Occam’s razor, not to multiply causes unnecessarily, is the pruning hook of science, but the standard model did the opposite. Physics started with a simple theory of mass, charge, and spin, but now it has isospin, hypercharge, color, chirality, flavor, and other esoteric features. The standard model today needs sixty-two fundamental particles (Note 1), five invisible fields, sixteen charges and fourteen bosons to work (Table 4.6). If it was a machine, one would have to hand-set over two dozen knobs just right for it to light up, so if this model is preferred today, it isn’t because of its simplicity.
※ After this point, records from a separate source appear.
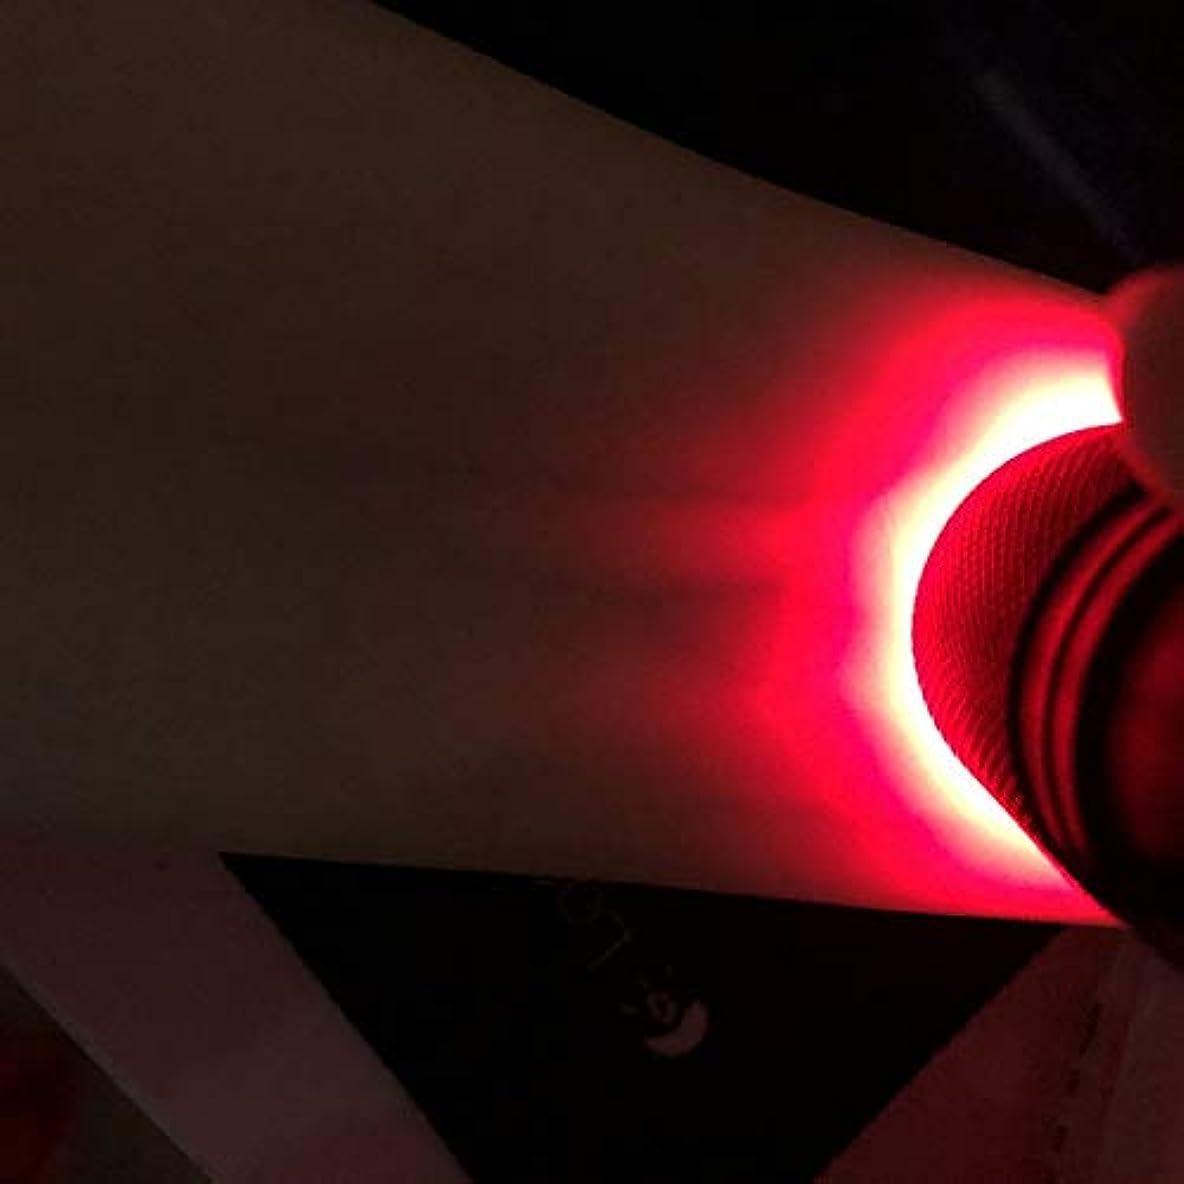 クマノミ準拠ボーカル静脈イメージング懐中電灯血管ディスプレイ懐中電灯手穿刺による血管ライトの確認皮下静脈デバイスの発見が容易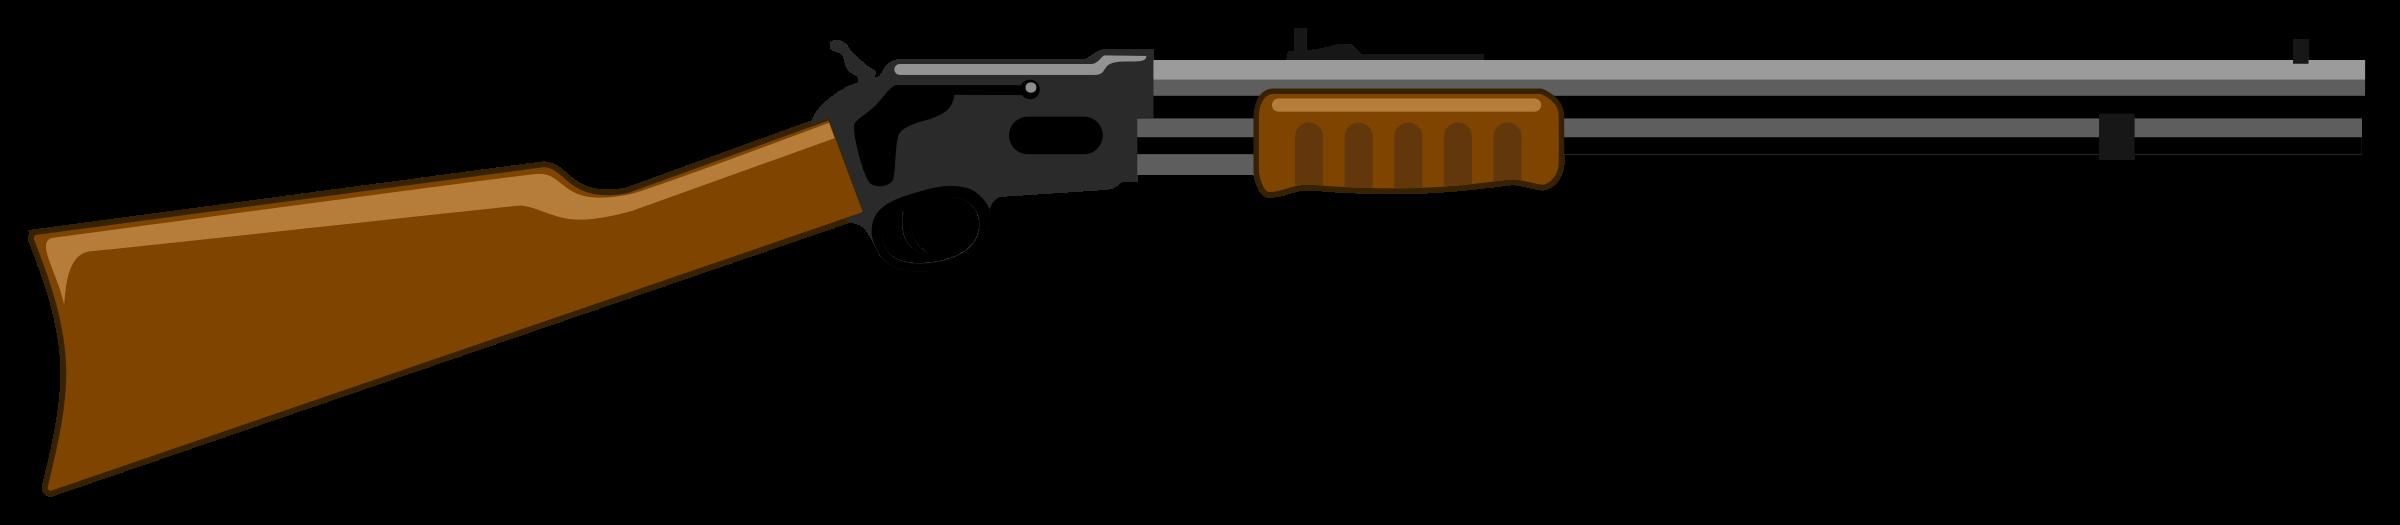 Rifle. Clipart gun pdf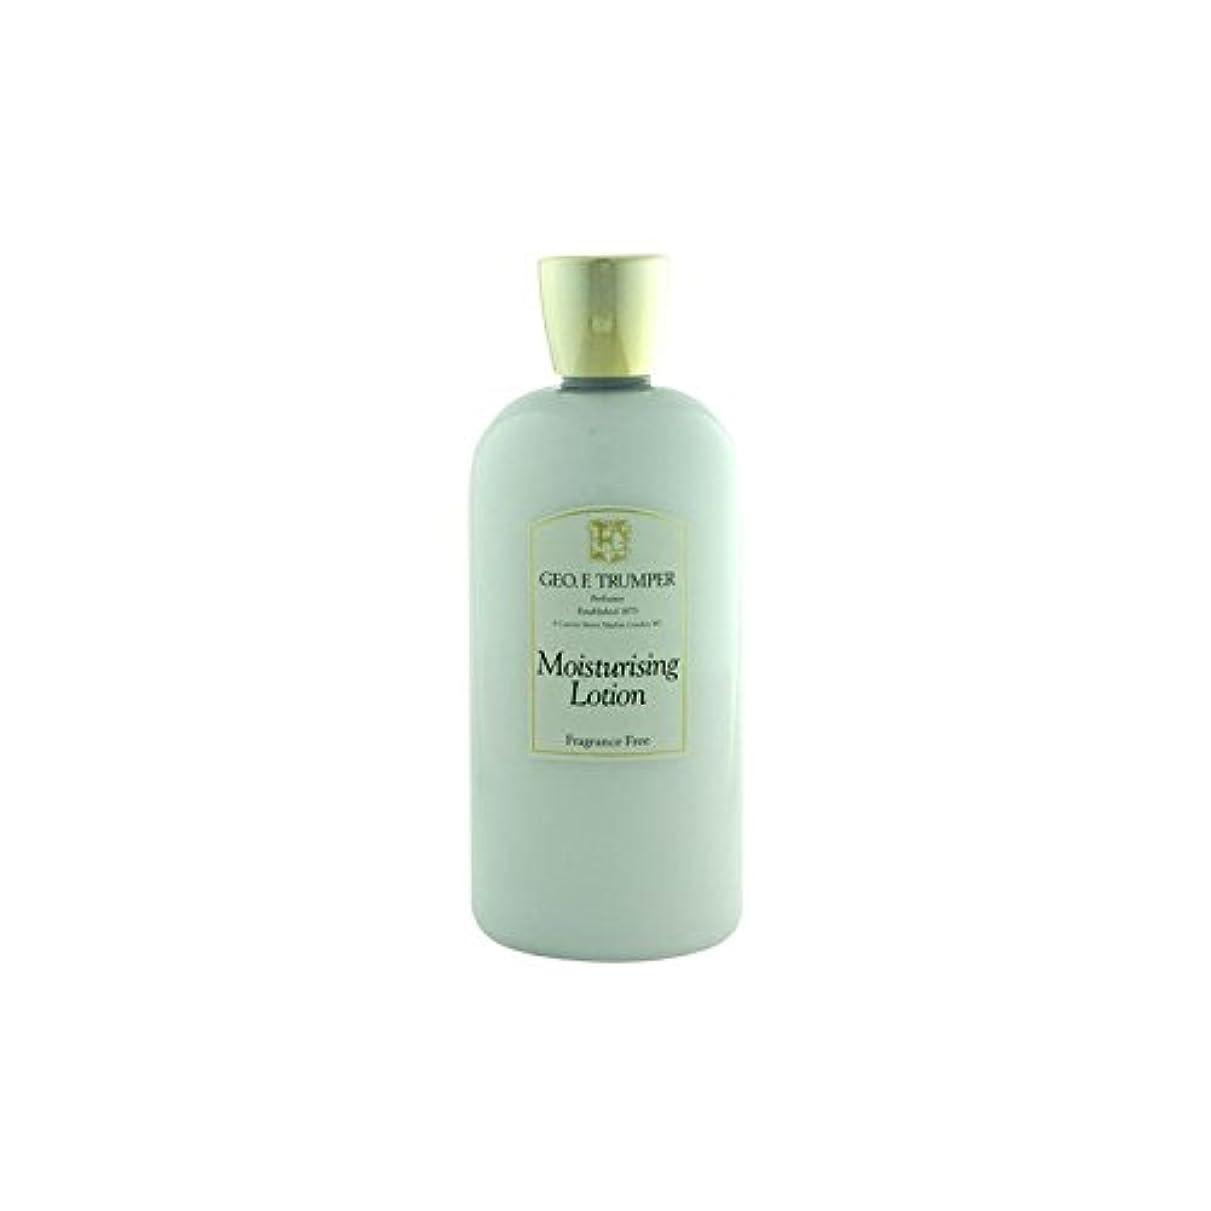 戻る技術者スポーツマンTrumpers Fragrance Free Moisturiser - 500ml Travel - 無香料の保湿剤を - 500ミリリットル旅 [並行輸入品]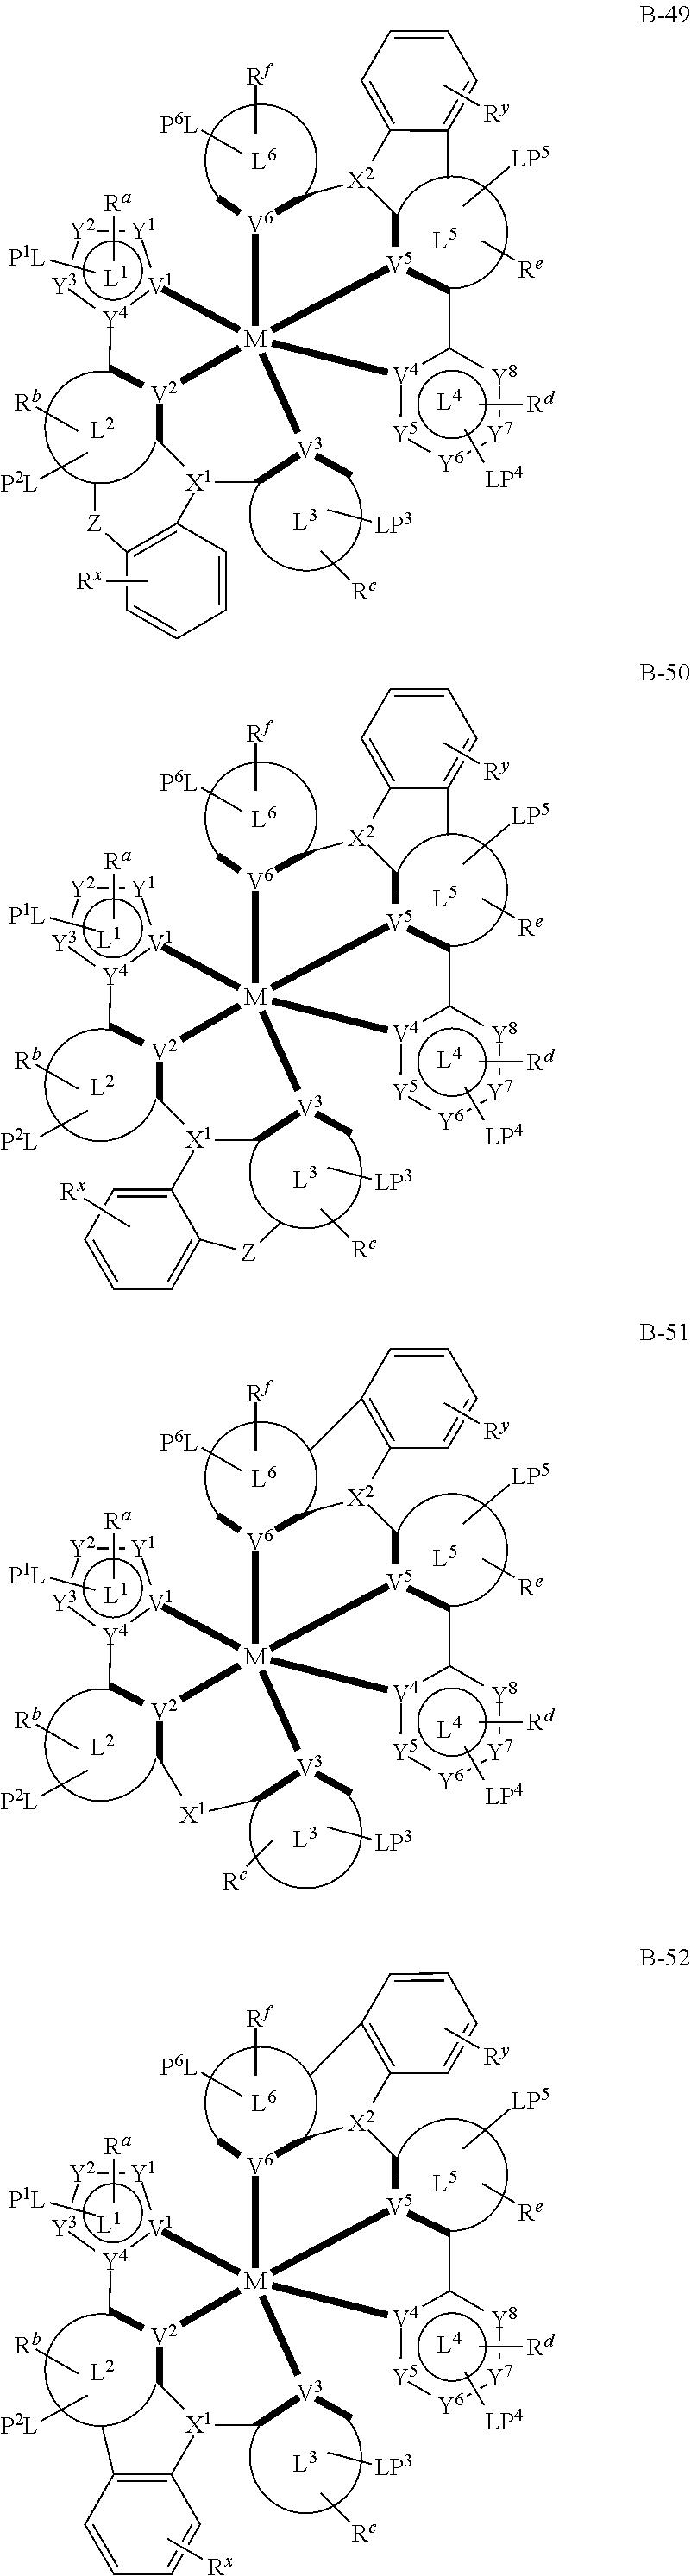 Figure US09818959-20171114-C00027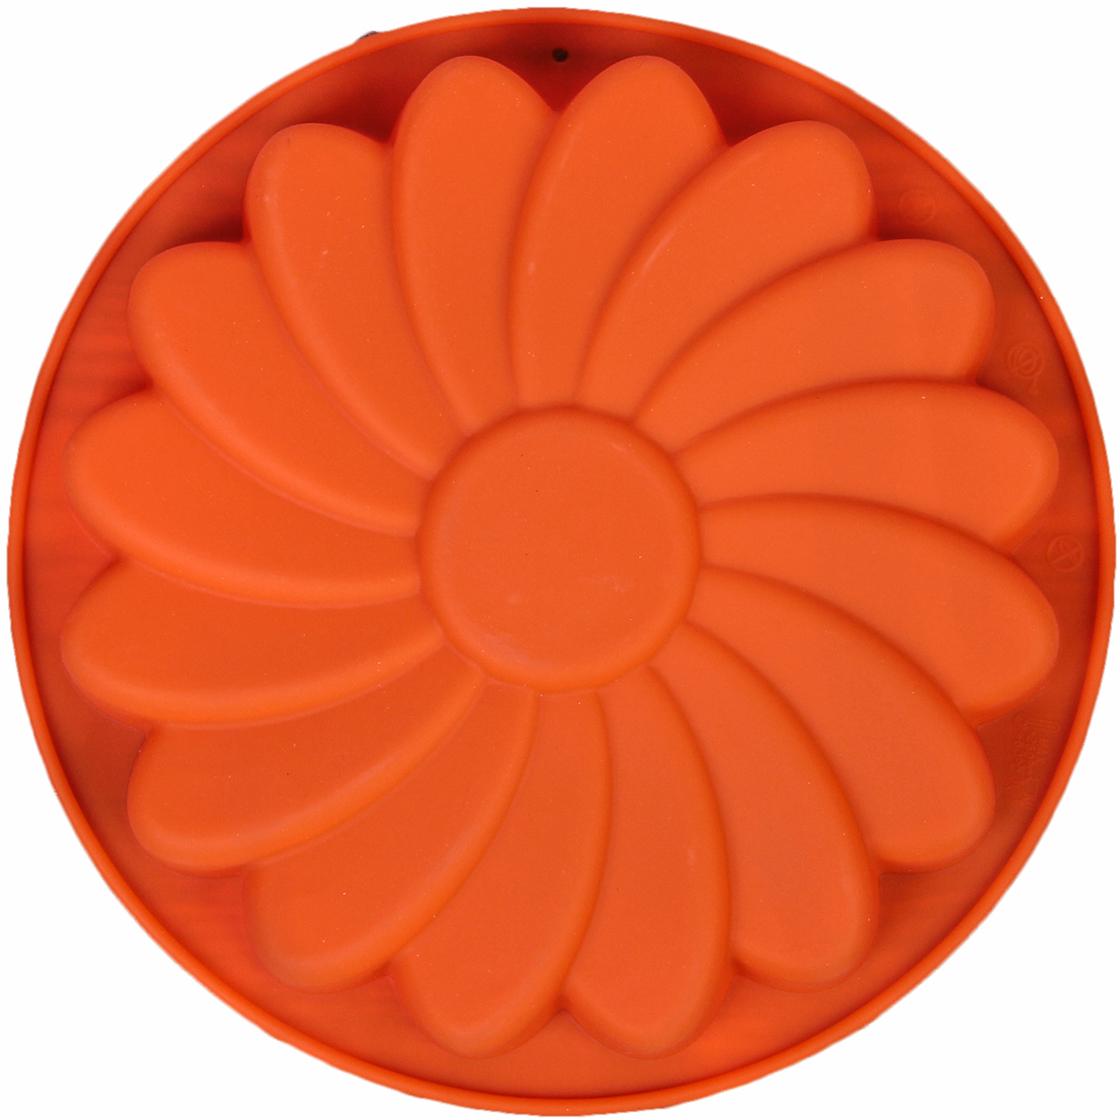 Форма для выпечки Доляна Ромашка, цвет: оранжевый, 19 х 3,3 см2570354_оранжевыйОт качества посуды зависит не только вкус еды, но и здоровье человека. — товар, соответствующий российским стандартам качества. Любой хозяйке будет приятно держать его в руках. С нашей посудой и кухонной утварью приготовление еды и сервировка стола превратятся в настоящий праздник.

For this level of complexity, one might expect completeness, but the standard model is far from that. It can’t explain gravity, proton stability, anti-matter, quark charges, neutrino mass, neutrino spin, family generations, randomness, or why inflation stopped. Nor does it say anything about the dark energy or dark matter that constitute 95% of the universe. Its main feature is that with each new result, it grows, so to explain inflation needs a hypothetical symmetron field, and to explain the mass of neutrinos needs another 7-8 arbitrary constants:
Good theories grow new data, as a garden grows plants, but the standard model absorbs new data to grow itself. It is the magic castle that spawned the fairy-like virtual particles that led modern physics nowhere, because multiplying causes unnecessarily is against science.
Note1. Two leptons with three generations plus anti-matter variants is 12. Two quarks with three generations plus anti-matter variants and three colors is 36. Plus one photon, eight gluons, three weak bosons, one graviton and the Higgs is another 14. The total is 62.